▸ **ENTRIES SUPPLIED**
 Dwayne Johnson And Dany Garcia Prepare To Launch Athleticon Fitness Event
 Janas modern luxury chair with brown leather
==
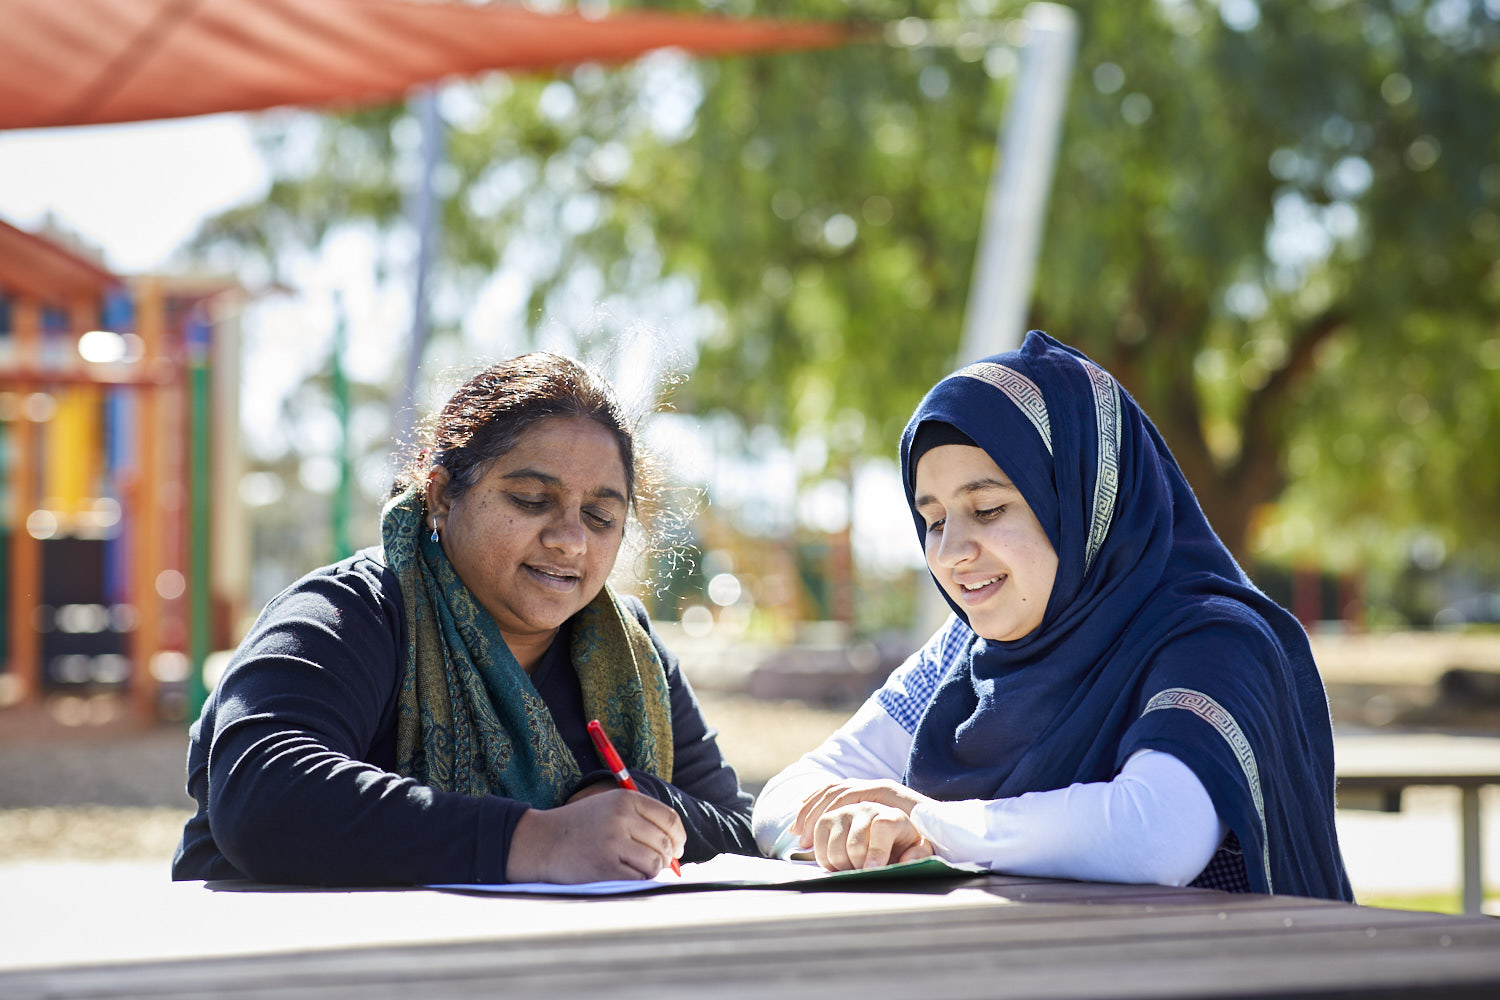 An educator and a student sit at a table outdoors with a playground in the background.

▸ **AIM OF THE TASK**
Repeat, word for word, the lines above between the line holding "Dwayne Johnson And" and the line holding "Janas modern luxury chair with brown leather", inclusive; omit everything else.

▸ **ANSWER SECTION**
 Dwayne Johnson And Dany Garcia Prepare To Launch Athleticon Fitness Event
 Janas modern luxury chair with brown leather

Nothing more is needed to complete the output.